#### PROBLEM DESCRIPTION
Omit every picture. Return all other data as it stands.

DATA BLOCK: Begin

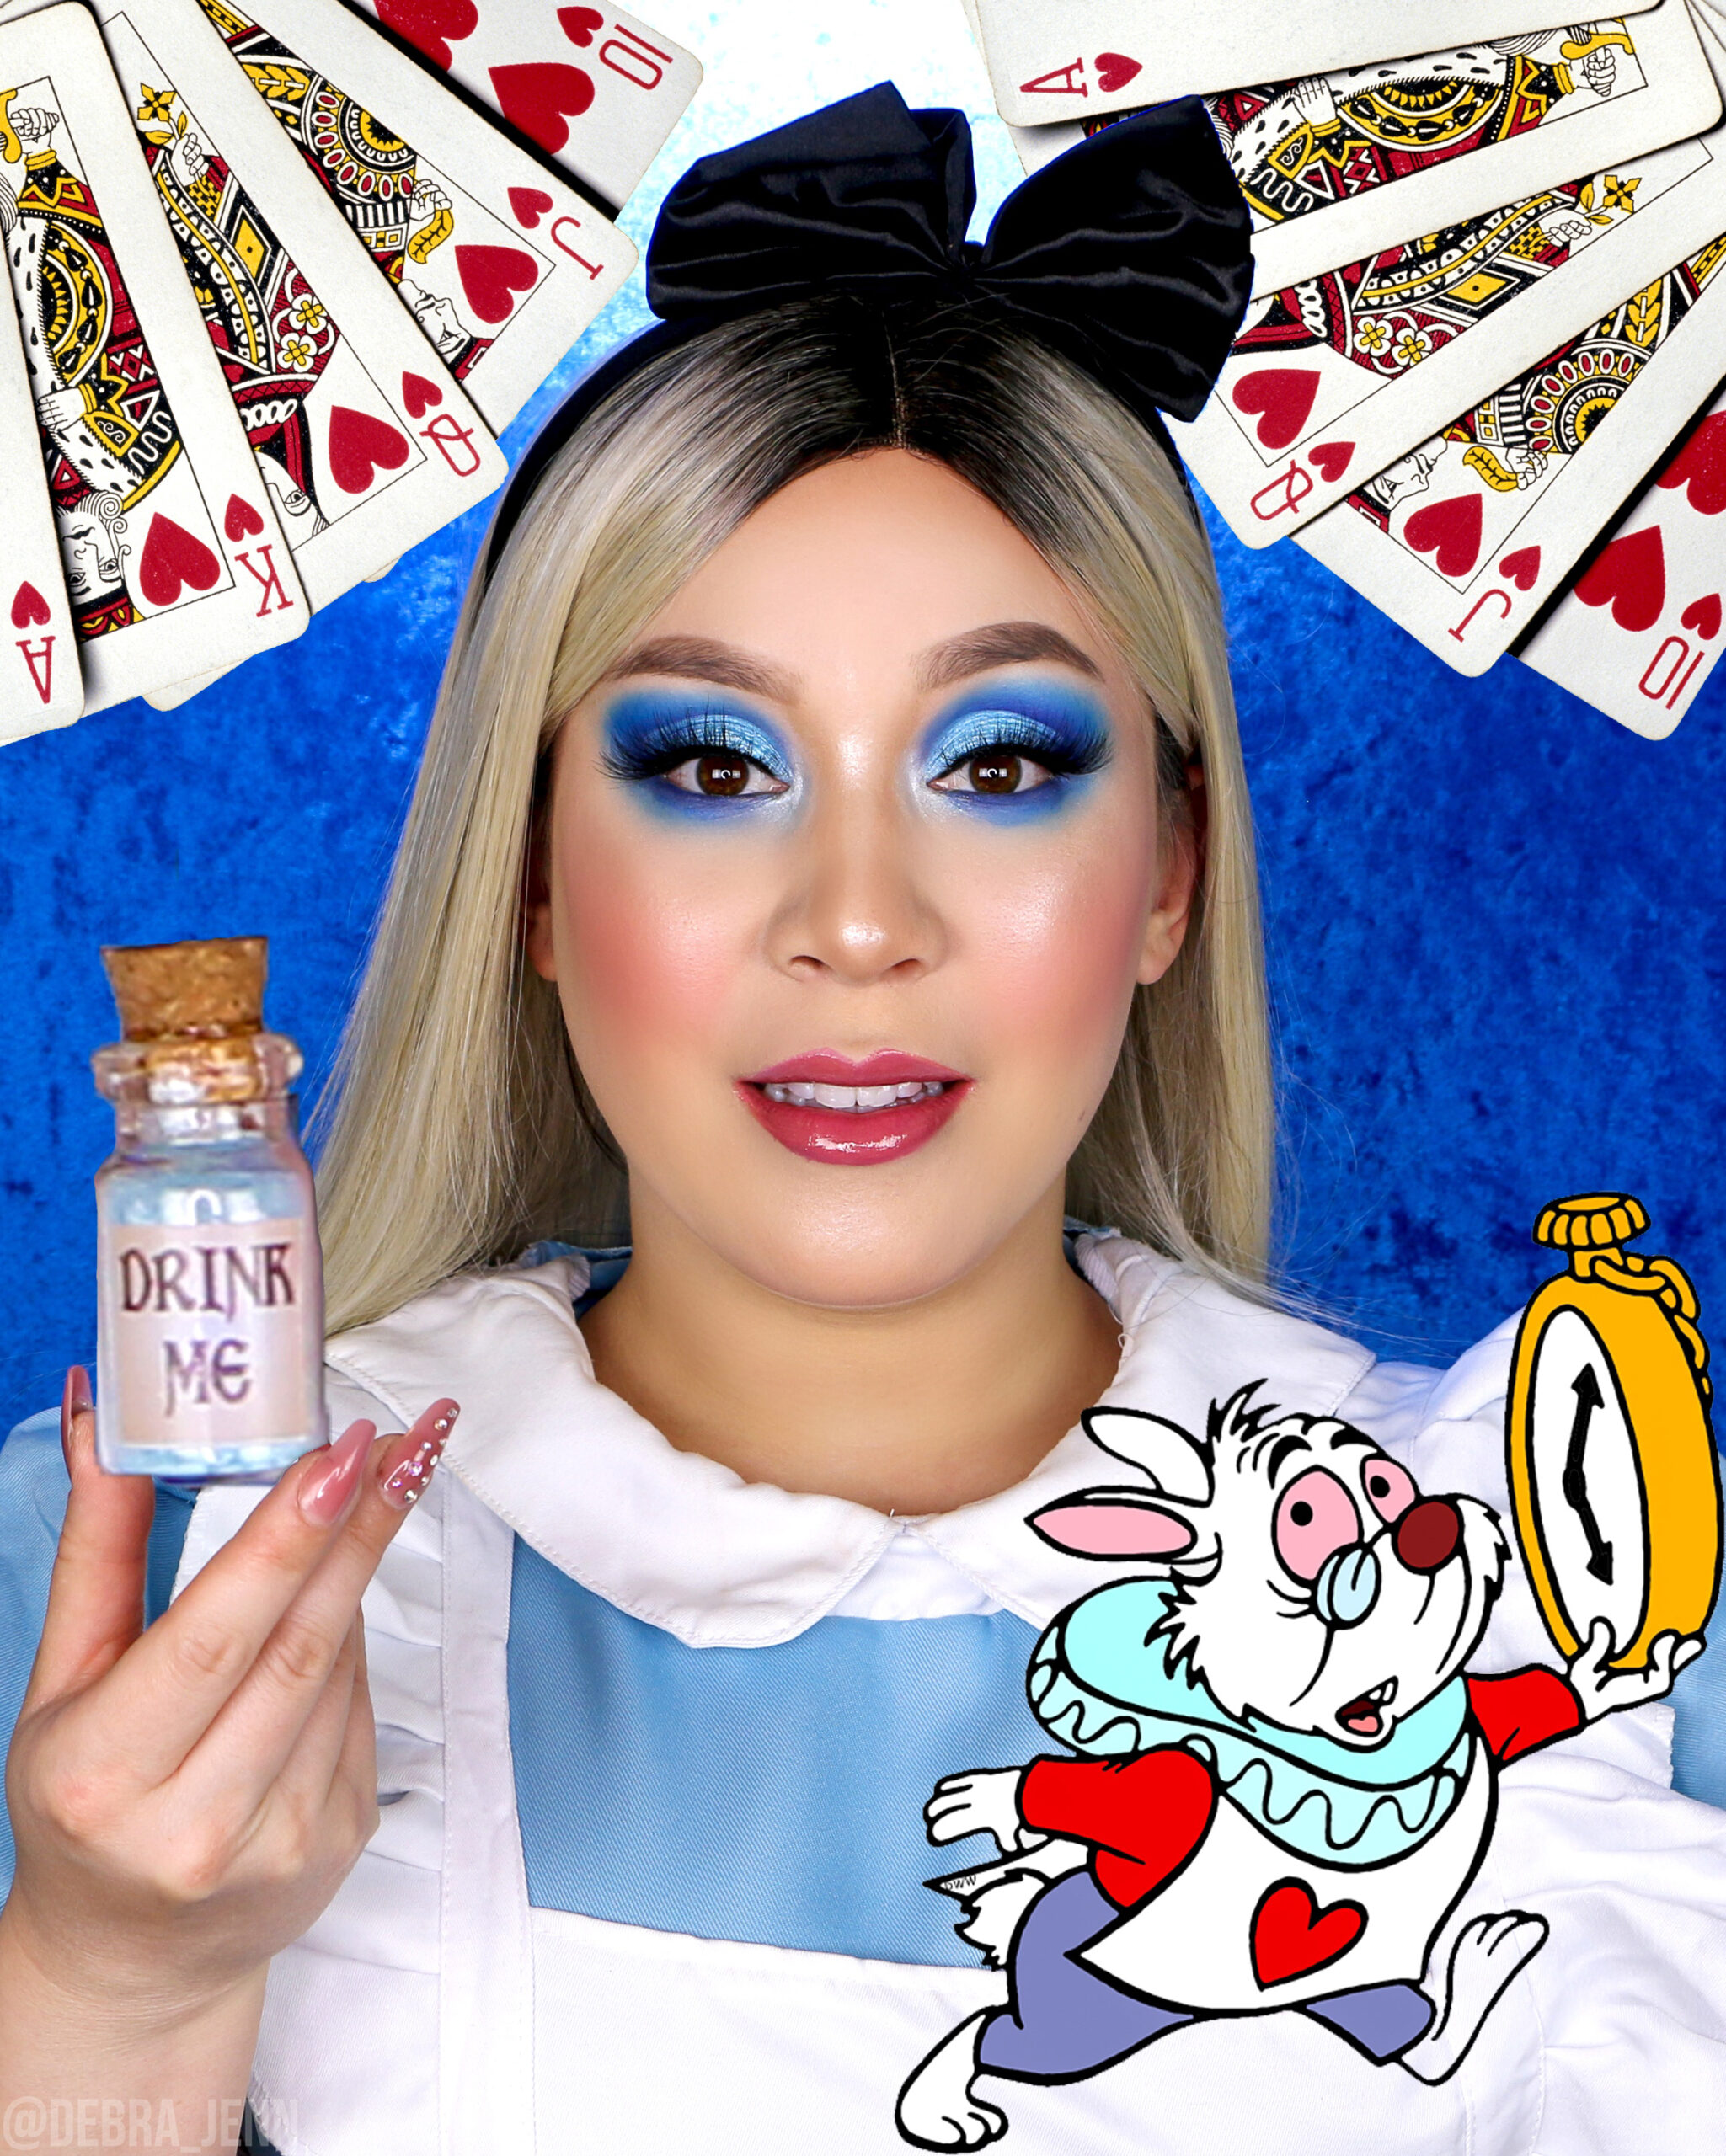 Alice in Wonderland Makeup Looks: 5 Halloween Costumes for a Group
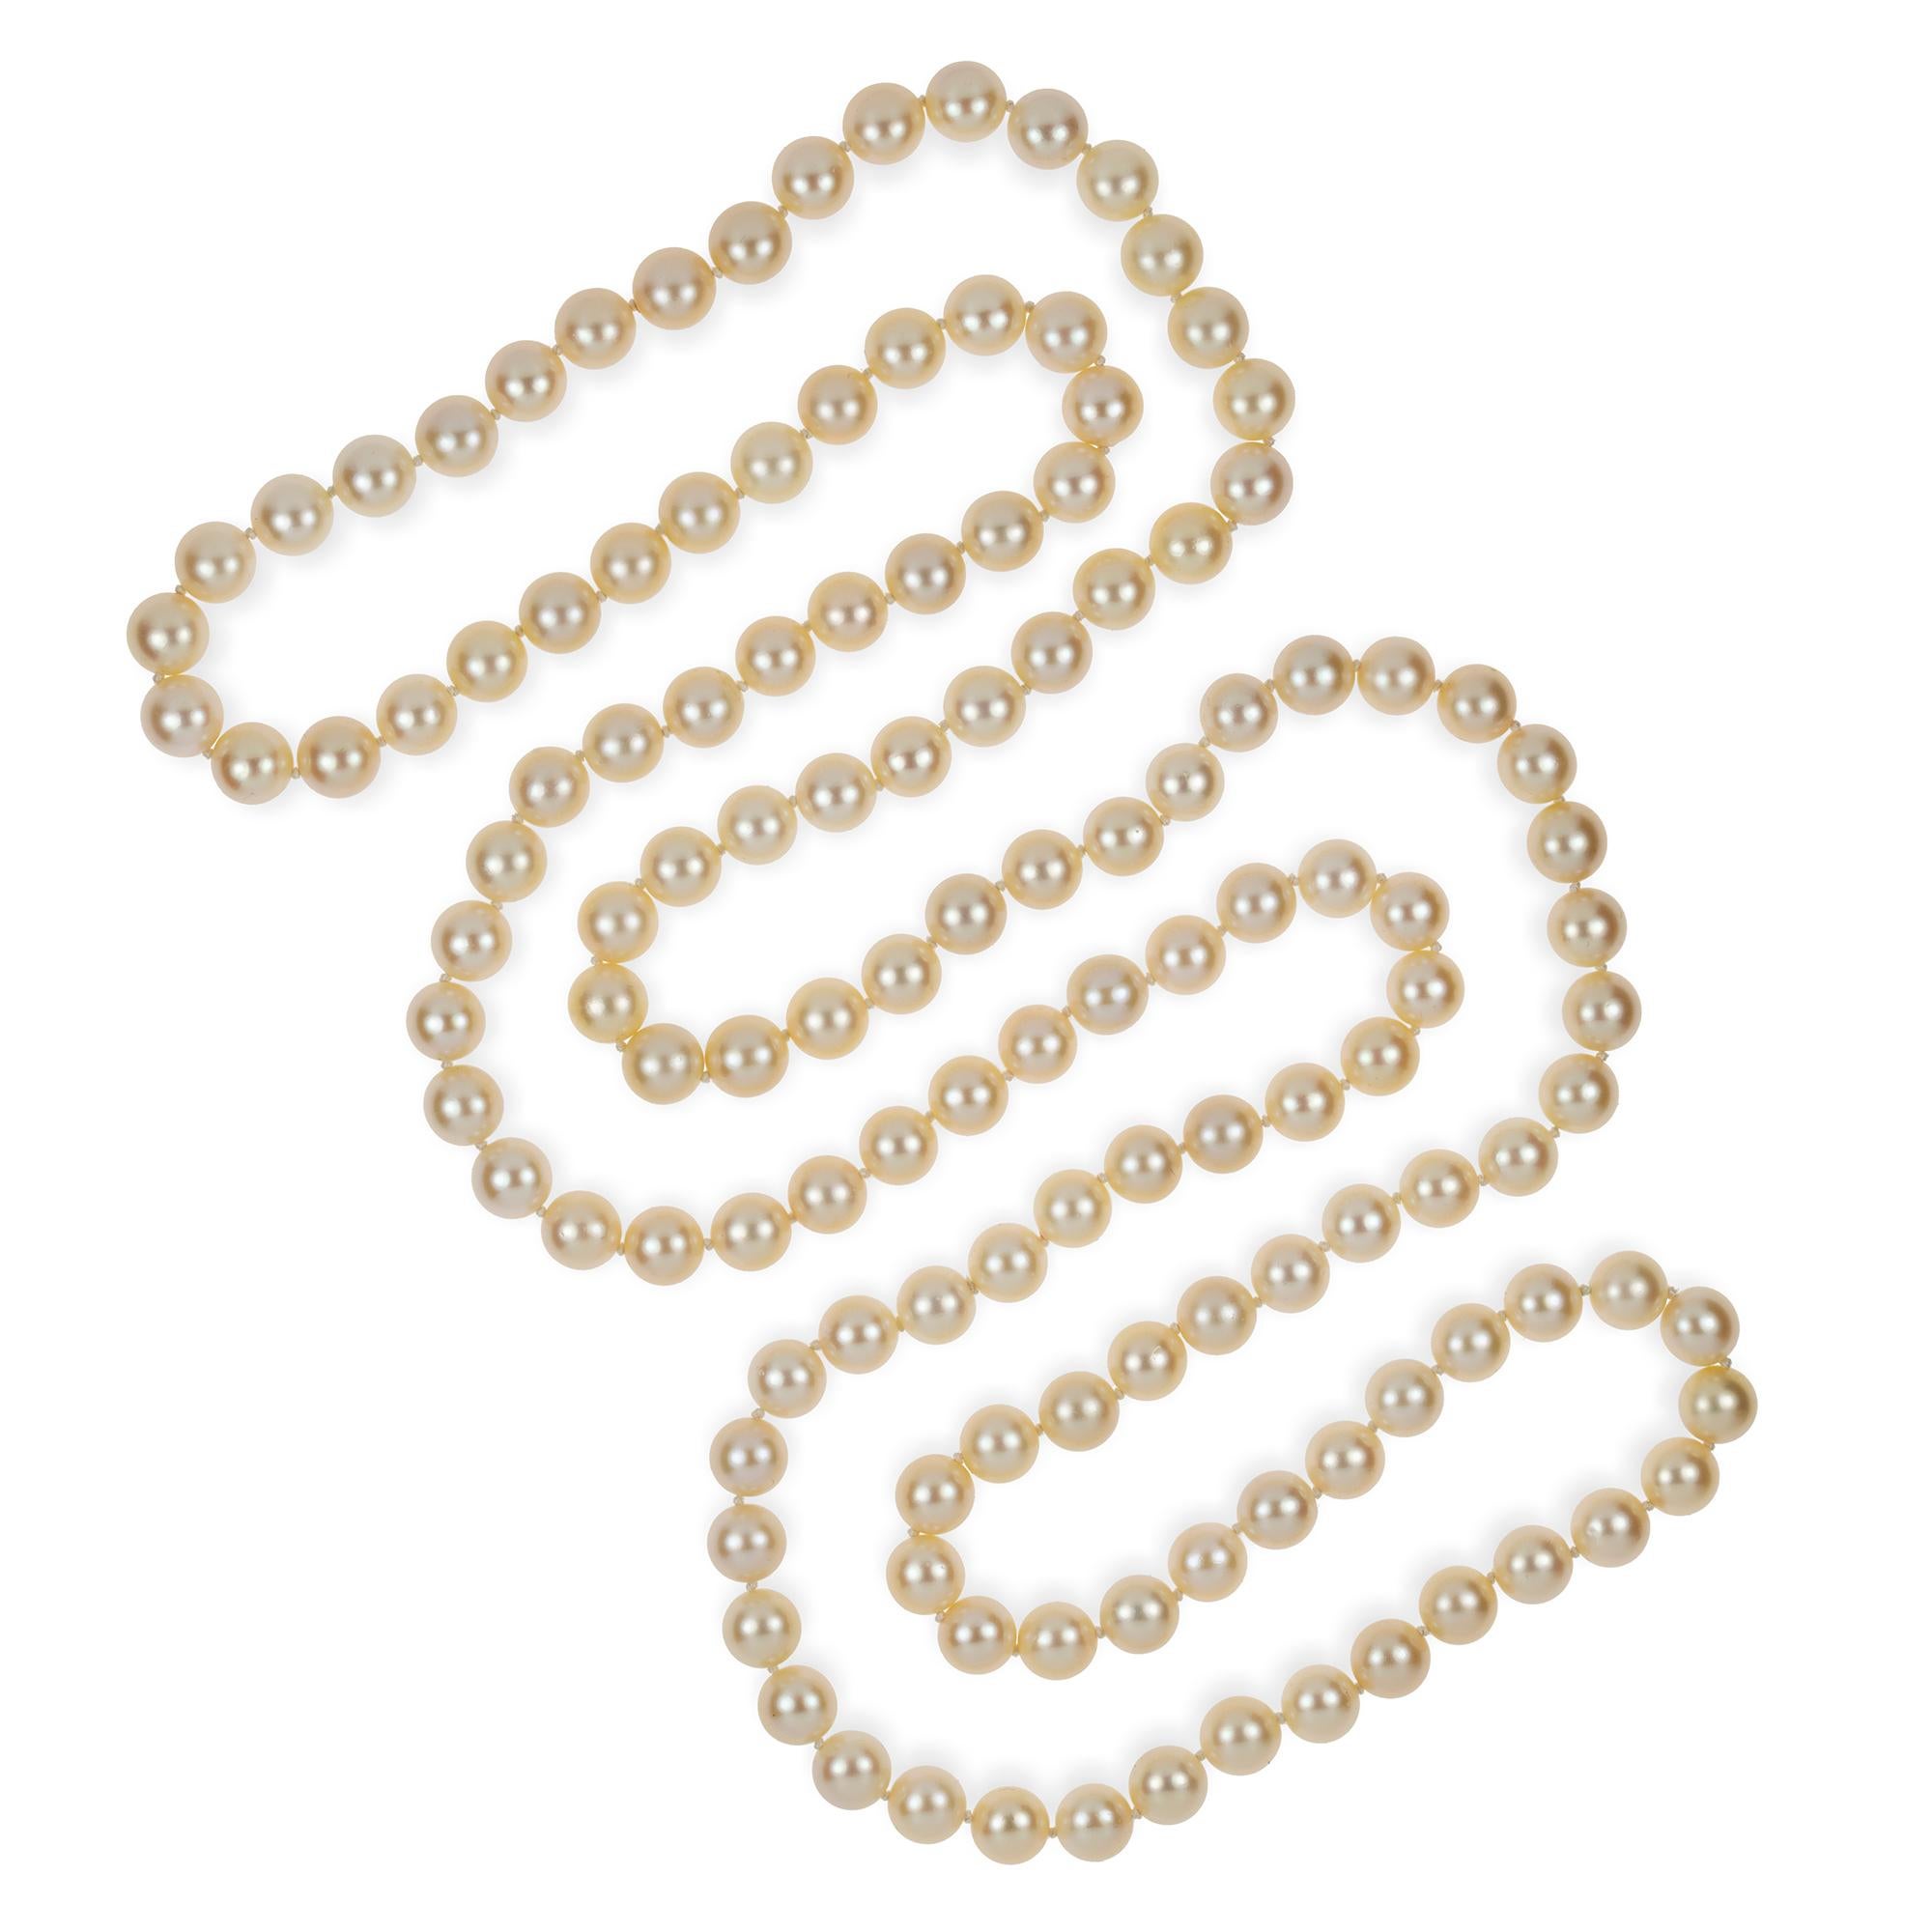 A long cultured pearl rope necklace, the one hundred and thirty-two cultured pearls of cream colour, with diameter 9-9.5mm, strung and knotted, measuring approximately 132cm long, gross weight 14.7 grams.

This necklace is in very good
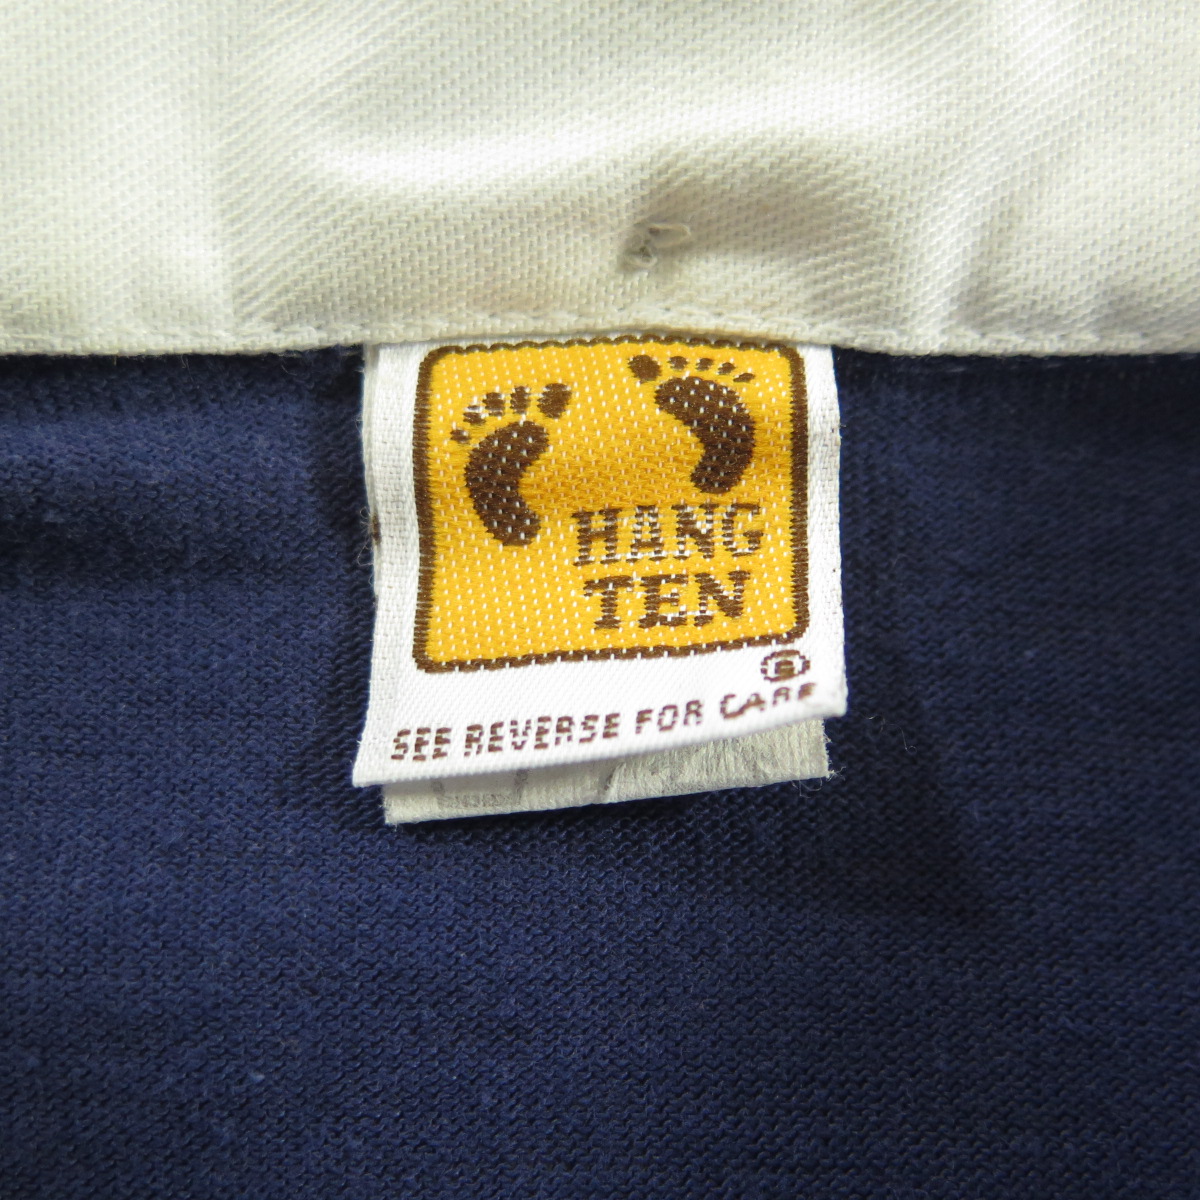 Hang Ten shirts: the in crowd name brand clothing line of the 1970s :  r/nostalgia

DATA BLOCK: End

#### RESULT OF THE TASK
 Alice in Wonderland Makeup Looks: 5 Halloween Costumes for a Group
 A long cultured pearl rope necklace, the one hundred and thirty-two cultured pearls of cream colour, with diameter 9-9.5mm, strung and knotted, measuring approximately 132cm long, gross weight 14.7 grams.

This necklace is in very good
 Hang Ten shirts: the in crowd name brand clothing line of the 1970s :  r/nostalgia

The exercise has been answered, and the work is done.